Copy the entries below word for word, minus the pictures.
>>>
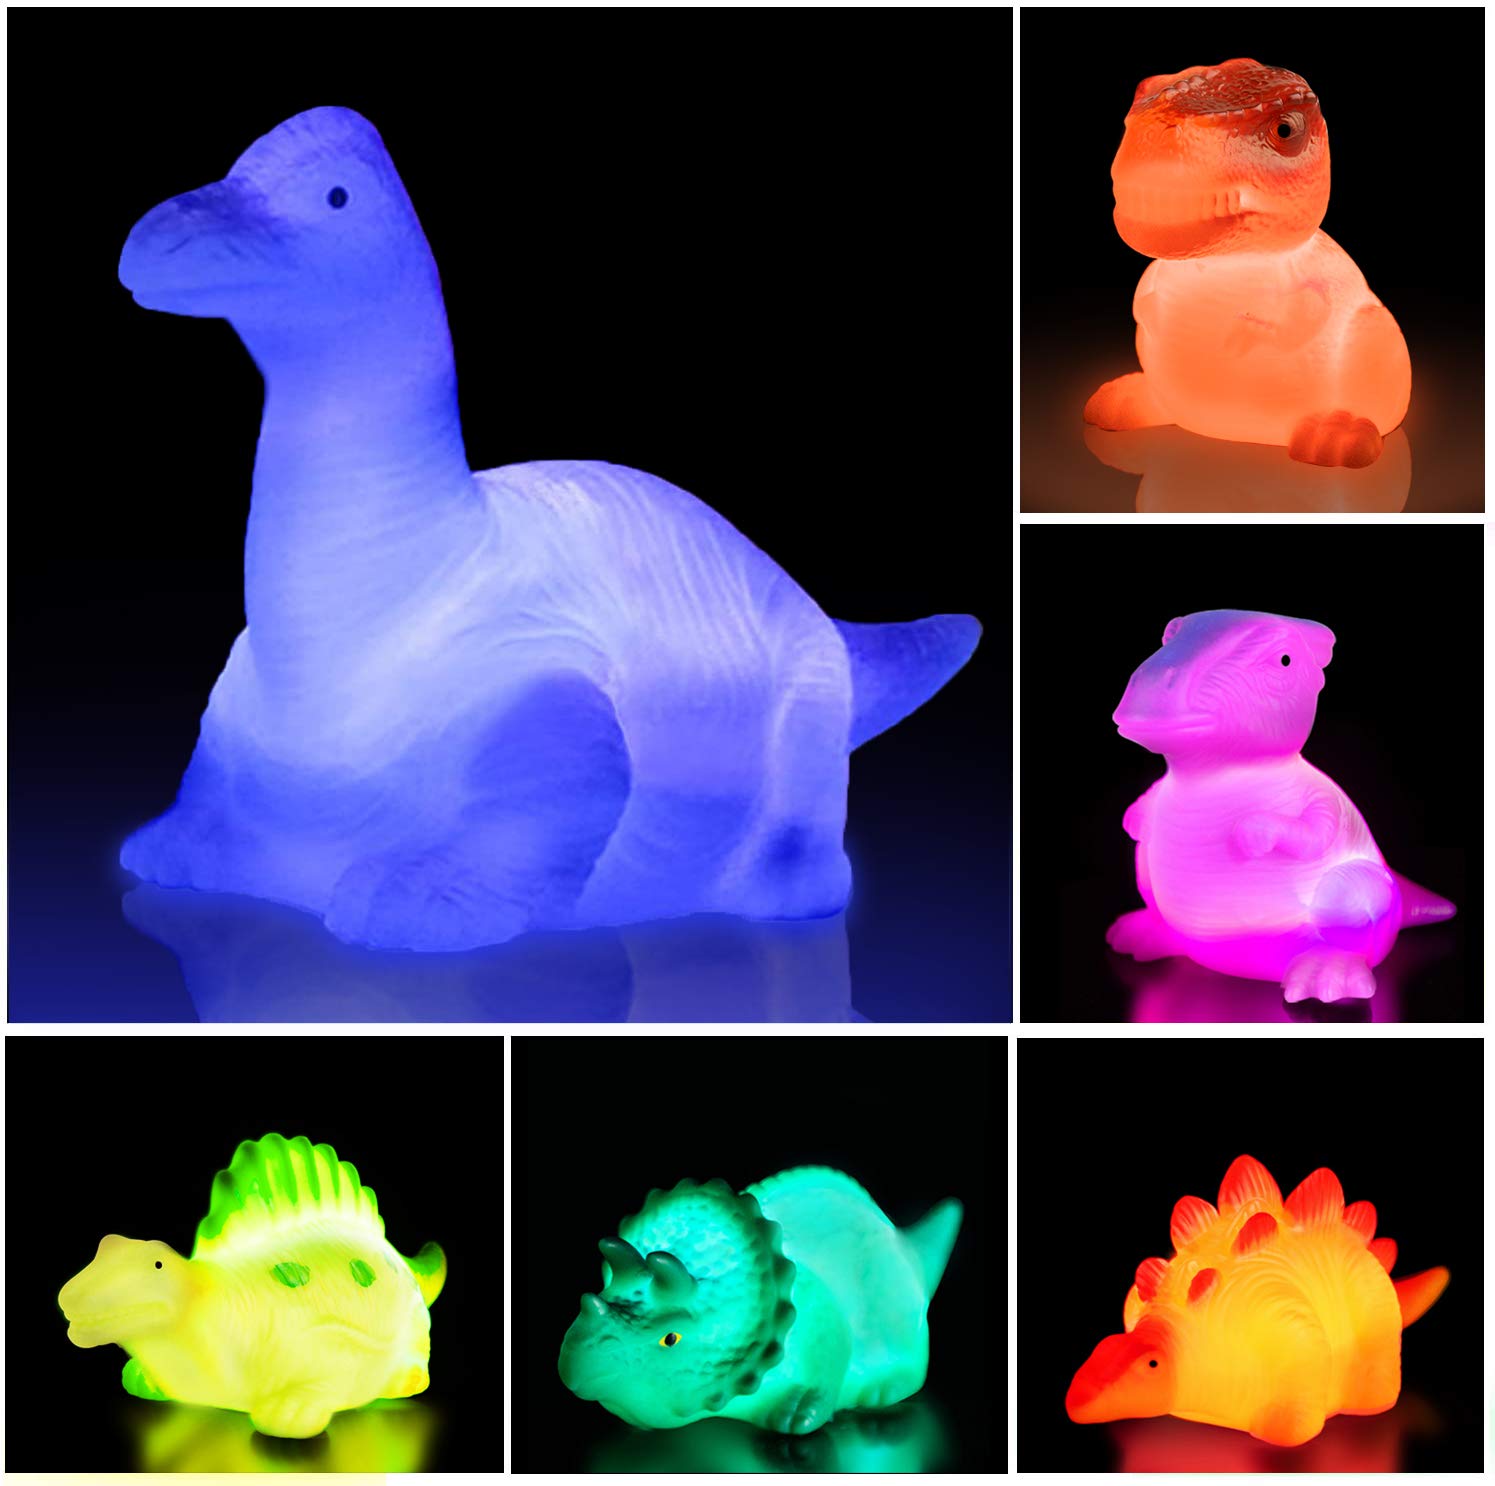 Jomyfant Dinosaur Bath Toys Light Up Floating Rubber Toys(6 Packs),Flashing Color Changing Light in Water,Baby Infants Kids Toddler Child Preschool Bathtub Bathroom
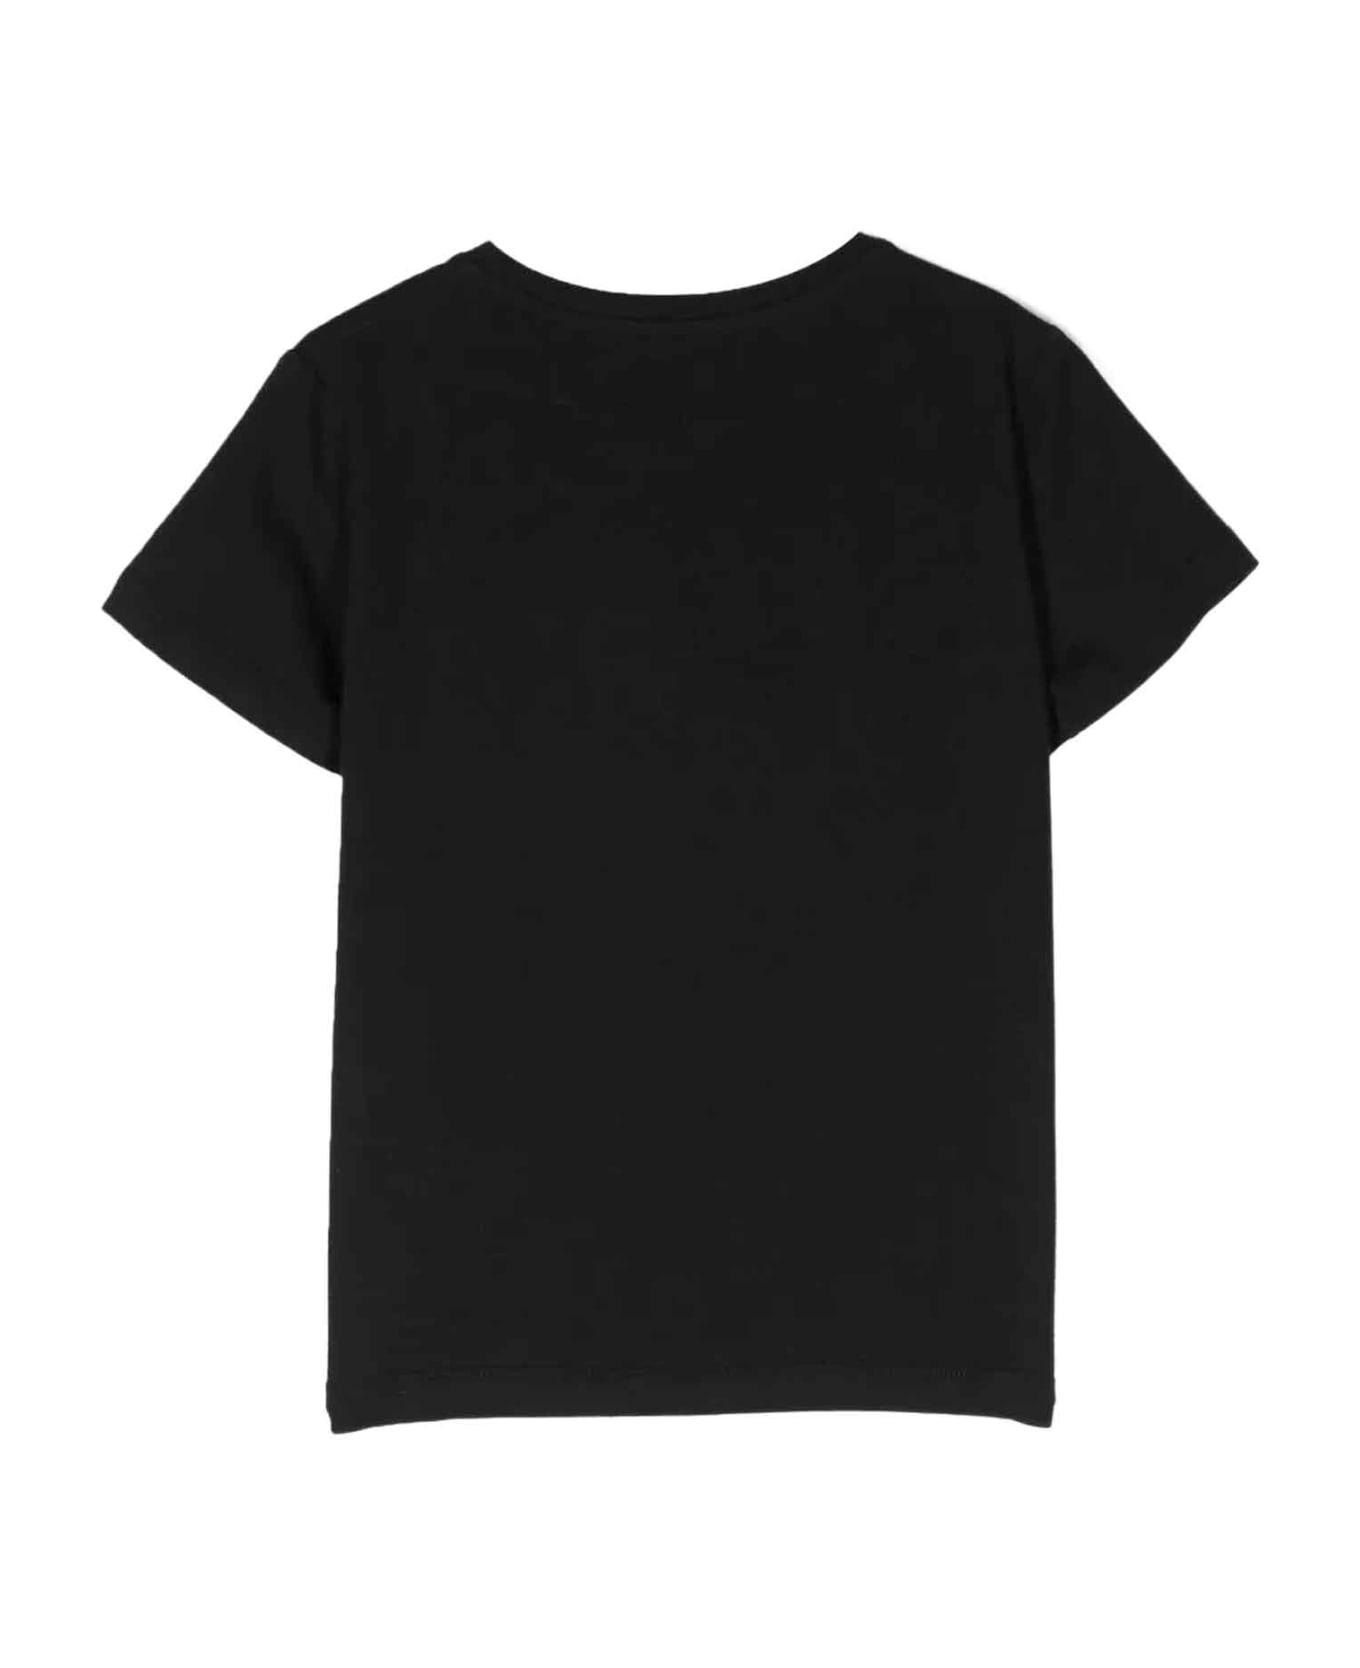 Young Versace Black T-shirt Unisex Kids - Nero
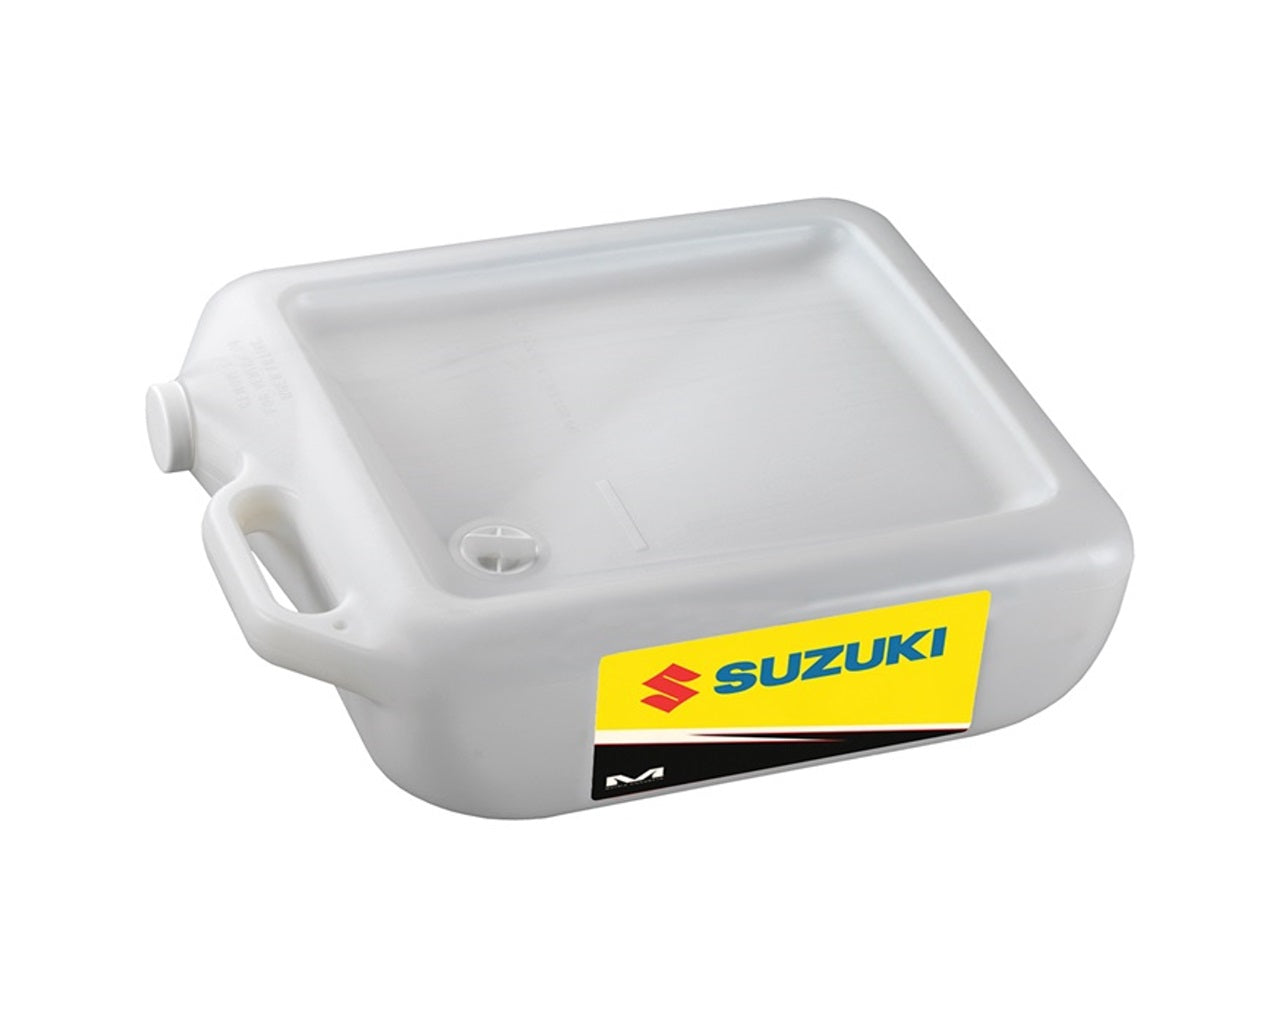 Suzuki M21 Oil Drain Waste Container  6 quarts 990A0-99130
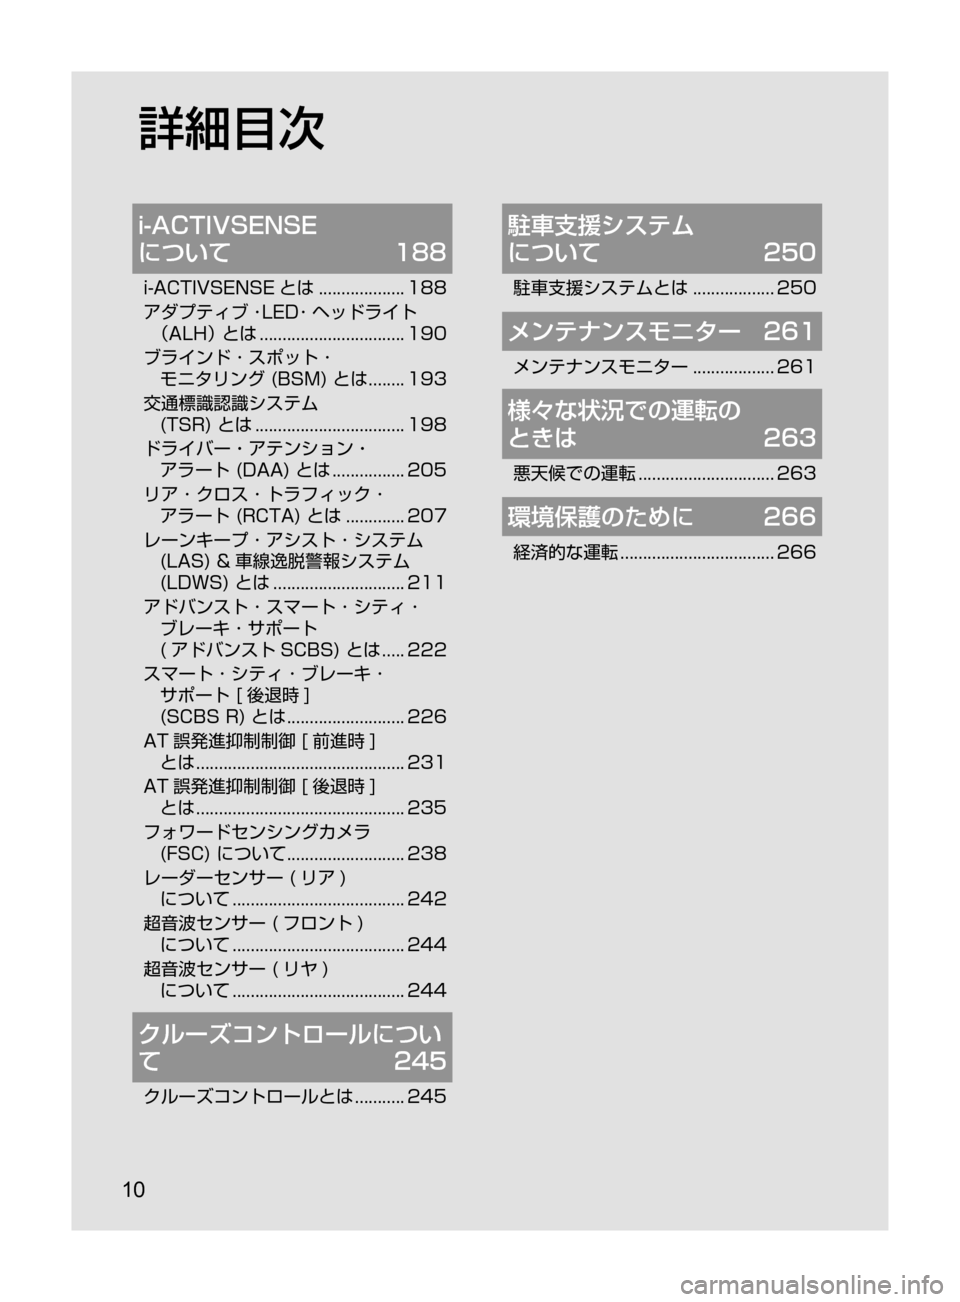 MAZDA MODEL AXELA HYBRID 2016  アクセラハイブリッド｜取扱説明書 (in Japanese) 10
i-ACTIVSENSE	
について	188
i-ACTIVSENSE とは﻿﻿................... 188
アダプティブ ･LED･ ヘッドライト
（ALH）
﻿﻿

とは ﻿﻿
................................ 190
<<<
**OUTPUT OF THE TASK:**
 Jomyfant Dinosaur Bath Toys Light Up Floating Rubber Toys(6 Packs),Flashing Color Changing Light in Water,Baby Infants Kids Toddler Child Preschool Bathtub Bathroom
 Young Versace Black T-shirt Unisex Kids - Nero
 Suzuki M21 Oil Drain Waste Container  6 quarts 990A0-99130
 MAZDA MODEL AXELA HYBRID 2016  アクセラハイブリッド｜取扱説明書 (in Japanese) 10
i-ACTIVSENSE	
について	188
i-ACTIVSENSE とは﻿﻿................... 188
アダプティブ ･LED･ ヘッドライト
（ALH）
﻿﻿

とは ﻿﻿
................................ 190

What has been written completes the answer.